Women continue to be highly underrepresented in mathematics, engineering, and related fields; a pattern that is associated with cultural stereotypes associating math more with men than women [13]. A large body of correlational and experimental work has linked these gender stereotypes to a gender gap in math performance and has suggested that subtle reminders of gender stereotypes can sometimes cause some women to underperform on tests of their math ability [47]. Because gender stereotypes can emerge in elementary school, research also suggests that they can impair school-aged girls’ math performance when those stereotypes are contextually activated [812]. However, some scholars have also questioned the strength of evidence for the performance impairing effects of stereotype activation, especially among children [13, 14]. The present research examined 3 to 6-year-old childrens’ beliefs about gender and math, as well as the relationship between these beliefs and early math ability. Specifically, we examined whether especially young girls who endorse cultural stereotypes associating math with boys early in development, might be susceptible to gender cues impairing math ability even before they enter formal education (see [15] for a review).

There are three key reasons why there might be variability in the degree to which young girls endorse stereotypes about girls and math. Firstly, given evidence that many stereotypes and biases have been weakening over time [16, 17], there is likely variation in the degree to which children hold the stereotype that girls are inferior in math. Alternatively, these stereotypes may be precluded by a strong in-group preference, as many children show preference for their own gender as early as age 3, which may lead them to believe their own gender is better at math [18]. Lastly, children may internalize these stereotypes at different points in development (e.g. [19, 20]), with some children internalizing cultural stereotypes about math as early as age 5, and others internalizing these stereotypes toward the end of elementary school (ages 9–10).

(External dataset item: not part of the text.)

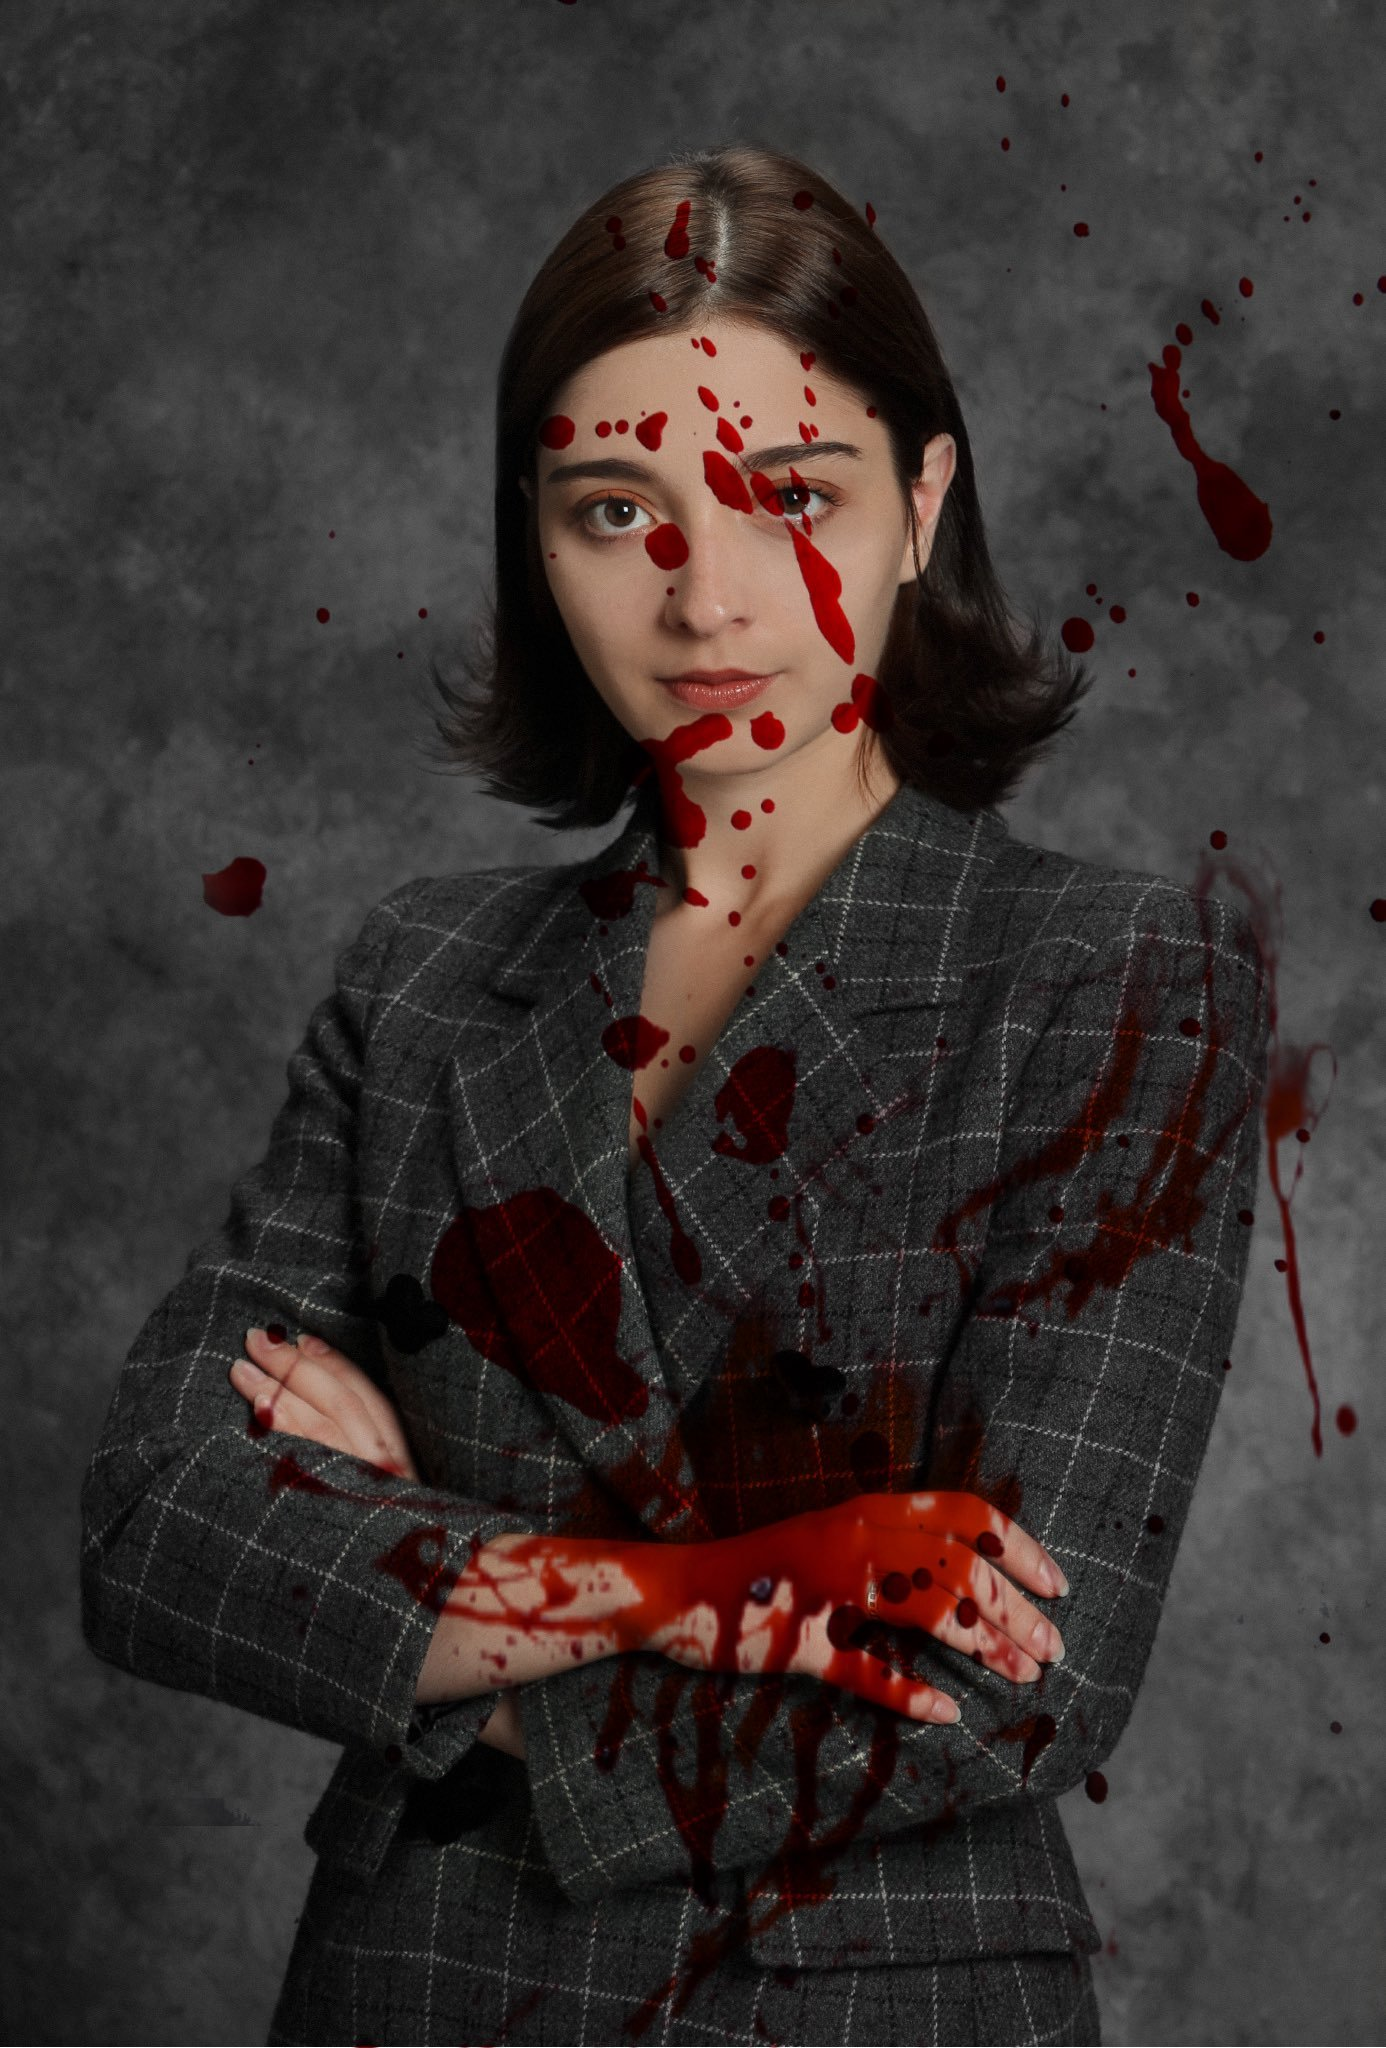 "Bloody Amalia Ulman", Charlotte Fang (2021)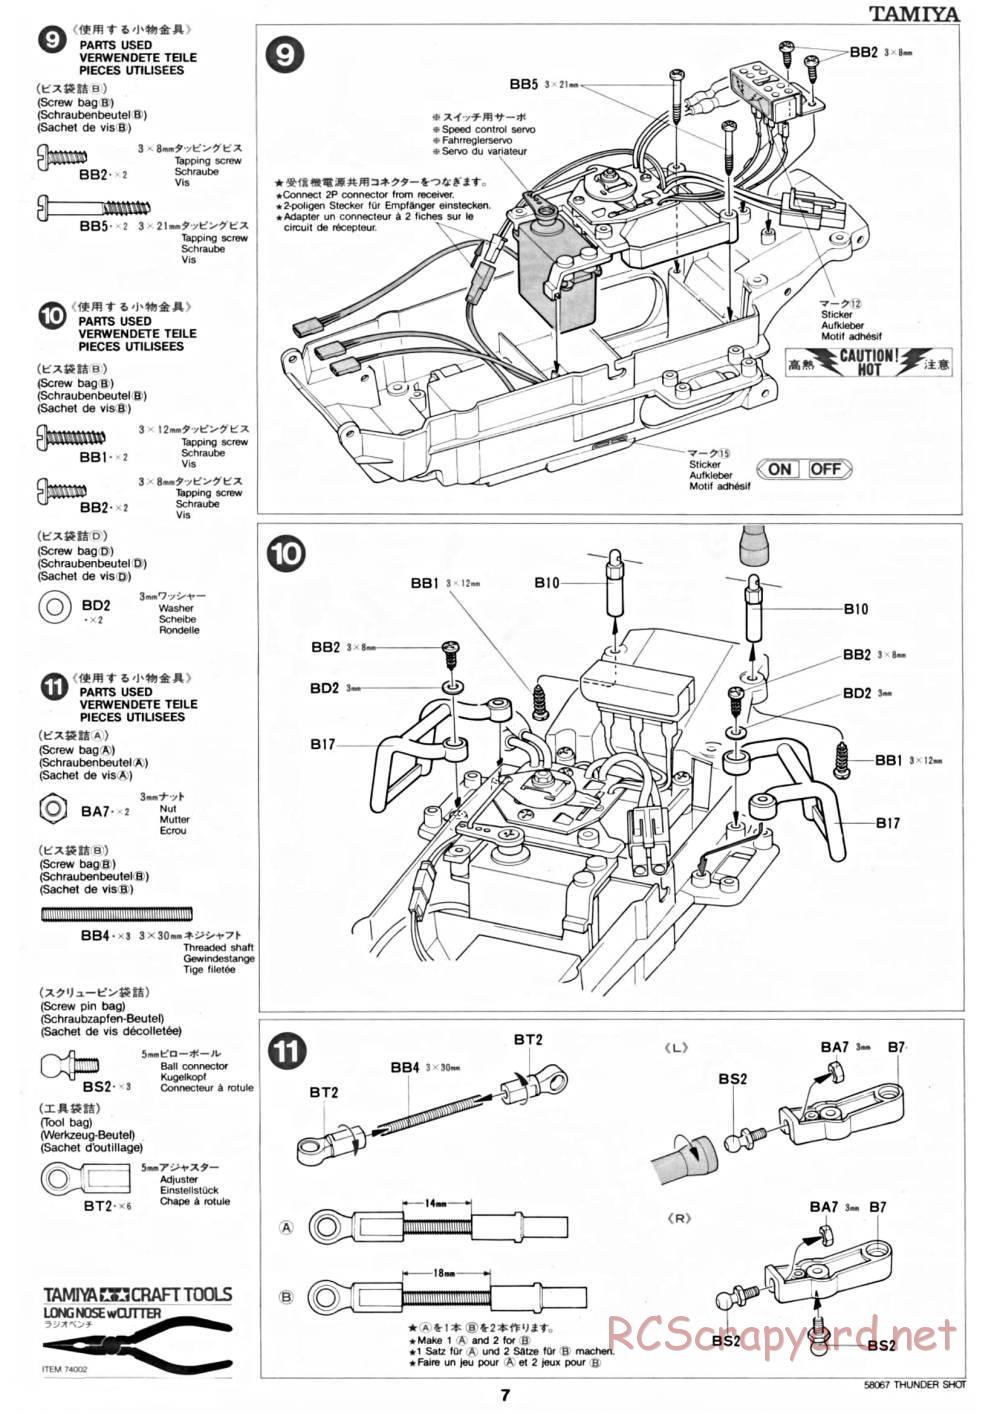 Tamiya - Thunder Shot - 58067 - Manual - Page 7

Though there are several reasons to expect that not all young children will have the same knowledge or beliefs about gender stereotypes regarding math ability, prior research on the effect of math-gender stereotypes on children’s math performance has not conventionally measured individual variability in children’s knowledge or endorsement of stereotypes [13, 14], despite the fact that knowledge of the stereotype is a core assumption of stereotype threat theory. Thus, to understand the effect of situational stereotype activation on children’s math performance, it is essential for researchers to measure whether children have internalized these stereotypes in the first place. In adults, for example, women who have not internalized stereotypes about math and gender seem to be less affected by a manipulation intended to impair their math performance through stereotype activation [21]. Additionally, in some cultural contexts, the activation of gender stereotypes might even have reverse effects such that a mention of gender differences in math can lead boys to underperform relative to girls [22].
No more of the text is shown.